Журавлевы снова переглянулись.
– Он там был моим соседом, – ответила женщина, – очень услужливый человек Миша Минчаков; подвезти, помочь – всегда готов.
– Вы знали его еще до знакомства с вашим мужем?
– Да, а что? – тихо спросила женщина.
– У него в Весьегонске никаких романов не было? Увлечений?
– Он же очень маленький, невероятно страдал от этого, как ребенок переживал, что не вышел ростом, – ответила Журавлева. – Он ведь очень красивый… Когда сидел за столом и не видно было, какой он маленький, просто глаз от него не отведешь – так он был мил…
– Понятно, – задумчиво протянул Костенко. – Теперь давайте подытожим… Пришел к вам Минчаков в середине октября, точную дату вы не помните, видимо…
– Это была середина месяца, – сказала Журавлева. – Погодите, я ж накануне получала аванс, да, да, это было пятнадцатого или шестнадцатого октября…
– Значит, по вашей просьбе Минчаков перенес вылет на шестнадцатое или семнадцатое, так?
– Да, – ответила женщина и сделала маленький глоток из стакана; рука у нее теперь чуть дрожала. – Он поехал за Дорой…
– А в день вылета Минчаков приехал к вам вечером, взял посылку, и больше вы его не видели?
– Нет, – сказала Журавлева. – Не видали.
– Как вы упаковали посылку?
– В сумочке. Обшили материалом, крепко перевязали, нести удобно, совершенно не громоздко.
– Теперь постарайтесь вспомнить, о чем вы с ним говорили во время последней встречи?
– Да ни о чем, – ответила Журавлева. – «Спасибо, Мишенька, как погулял с подругой, когда вернешься, может, ее с собой возьмешь в море купаться?» Посмеялись – и все…
– Вы ему задавали эти вопросы, а что он вам на них отвечал?
– Ответил, что хорошо погулял, – сказал Журавлев, не отрывая глаз от жены, – сказал, что Дору с собою не возьмет…
– С ней, сказал, самолет не взлетит, – усмехнулась Журавлева, – такая она стала толстая, не следит за собой, хлеба ест по батону за один присест…
– Какая у вас девичья фамилия? – спросил Костенко.
– Кузина.
– А отчество?
– Сергеевна.
– Сколько времени Минчаков пробыл у вас в последний вечер?
– Он даже в квартиру не зашел, – ответила Журавлева. – Мы обмолвились парой слов на пороге…
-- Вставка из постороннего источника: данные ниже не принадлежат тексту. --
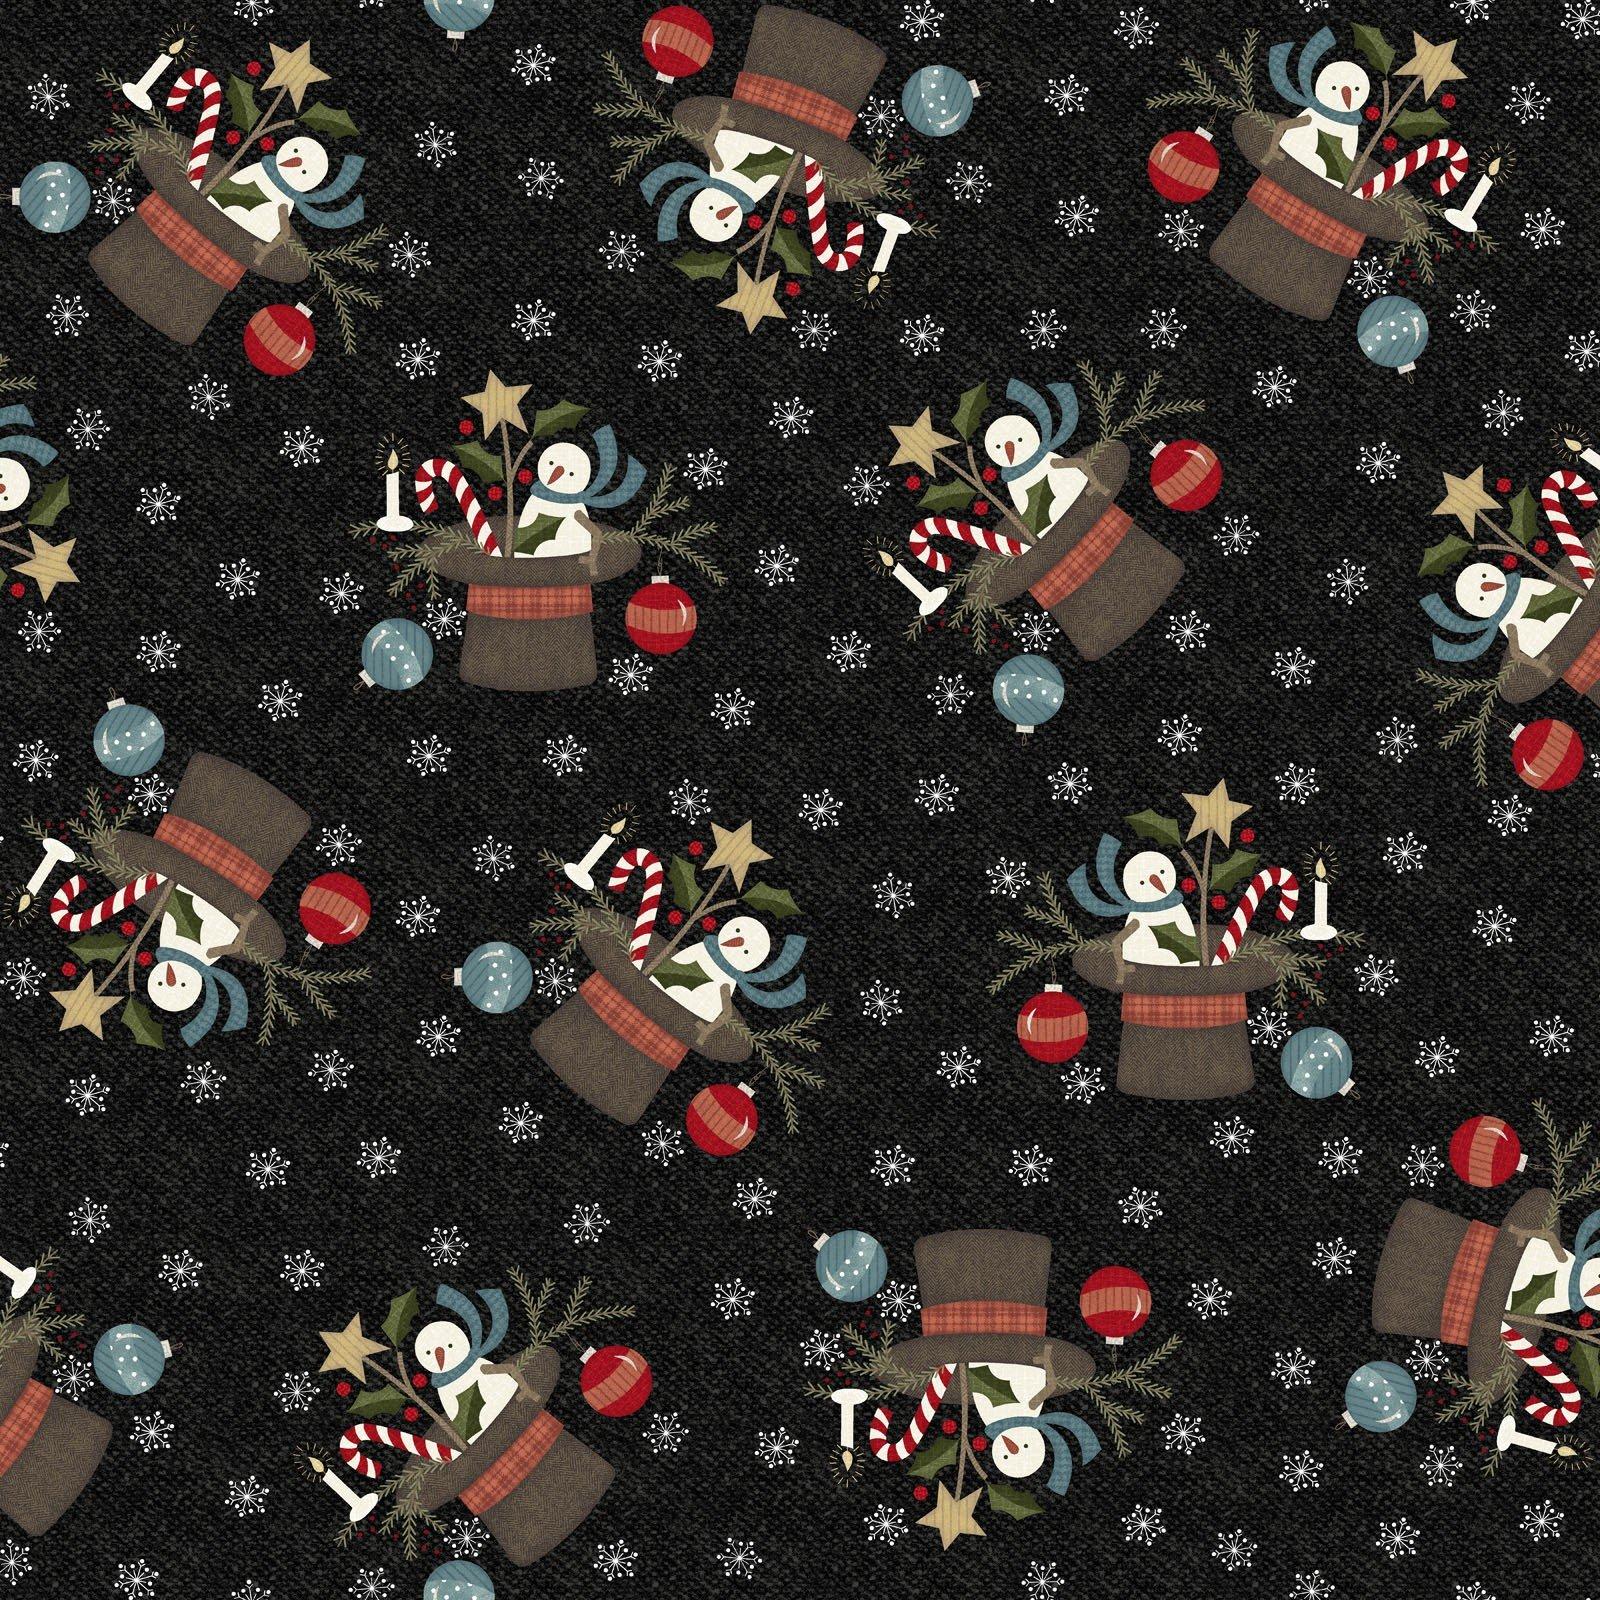 Charcoal Santa Hat - Snowdays Flannel by Bonnie Sullivan - MASF9933-JK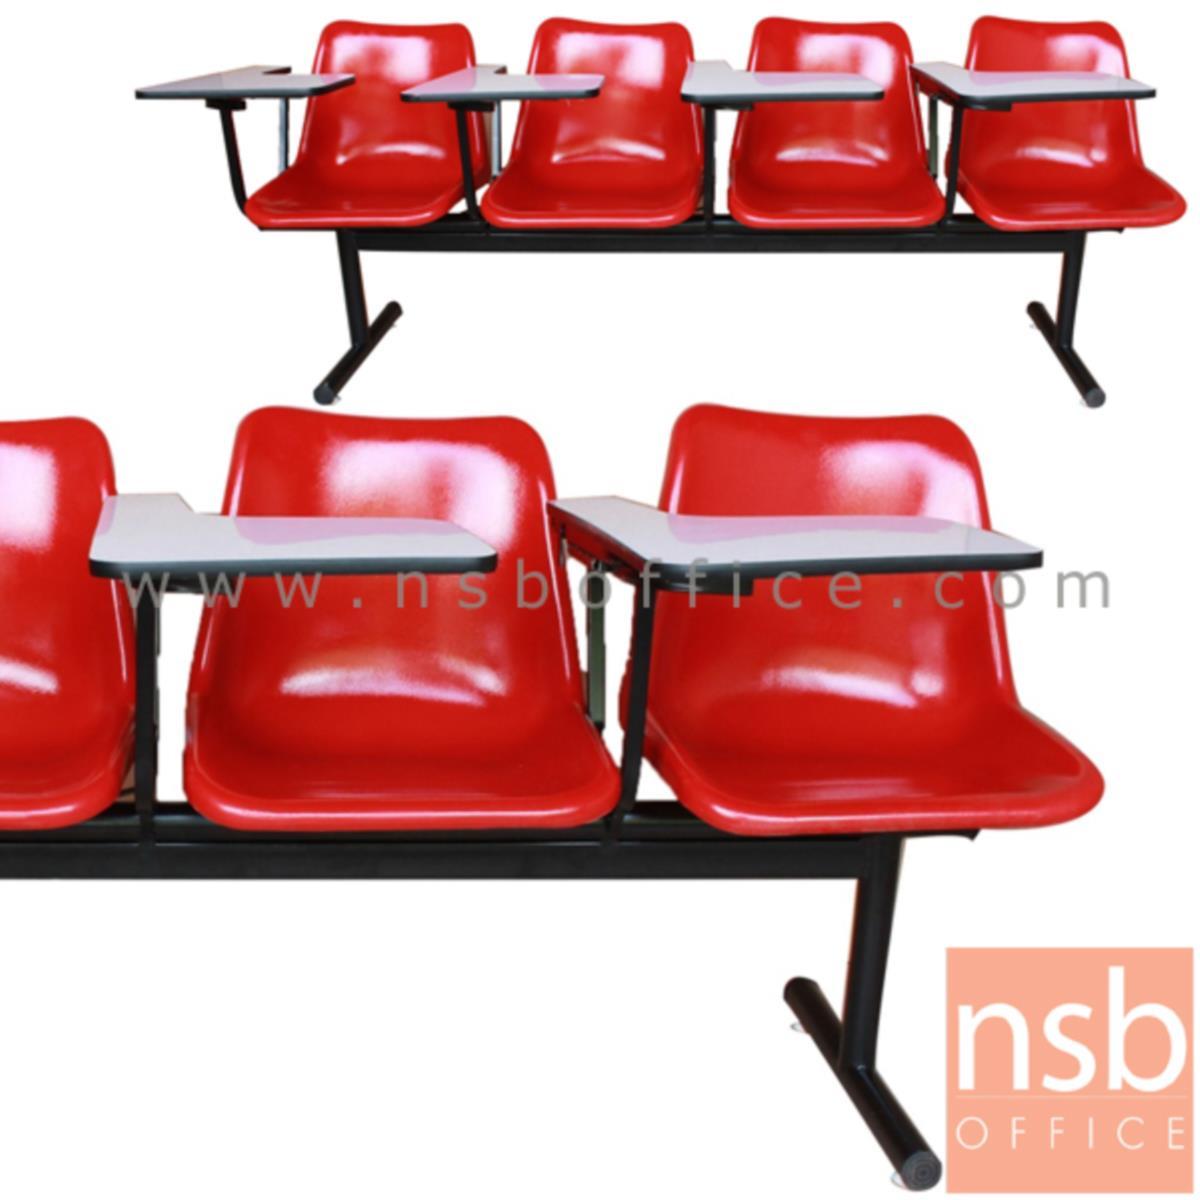 B07A012:เก้าอี้เลคเชอร์แถวเฟรมโพลี่ รุ่น Indigo (อินดิโก) 2 ,3 ,4 และ 5 ที่นั่ง ขาเหล็กกลม

Вернулся Жуков, кивнул Костенко; но садиться не стал.
– Что-нибудь новое?
– Да.
Костенко поднялся:
– Вы постарайтесь сегодня вспомнить все, что можете, начиная с того дня, когда познакомились с Минчаковым, – хорошо? Завтра с утра вы должны быть готовы к разговору, нас интересует все, абсолютно все…
Спускаясь по лестнице к машине, Жуков пробурчал:
– Ваш помощник, грузин этот, только что доложил из Москвы – по минчаковским аккредитивам он же, Минчаков, получил двадцать третьего октября деньги, все пятнадцать тысяч, в Адлере и Сочи.
– На экспертизу подпись взяли?
– Этого он не сказал.
– Взяли, наверное… Теперь надо ваших в аэропорт отправлять, поднимать архивы билетных касс, что с минчаковским билетом сталось.
– Журавлевы дату точно назвали?
– А бог их знает. Надо смотреть начиная с четырнадцатого октября, день за днем…
– Нахлебаемся, – вздохнул Жуков. – Темное дело, просвета не вижу. Кобозевых этих самых Дор двенадцать…
– «Бульдозер» один, – усмехнулся Костенко. – Надо, чтоб ее сегодня же установили… А Журавлева покойника к Доре ревнует… И по пьянке он Спиридону не Дору называл, а Дину… И по инициалам одинаковы: ДСК.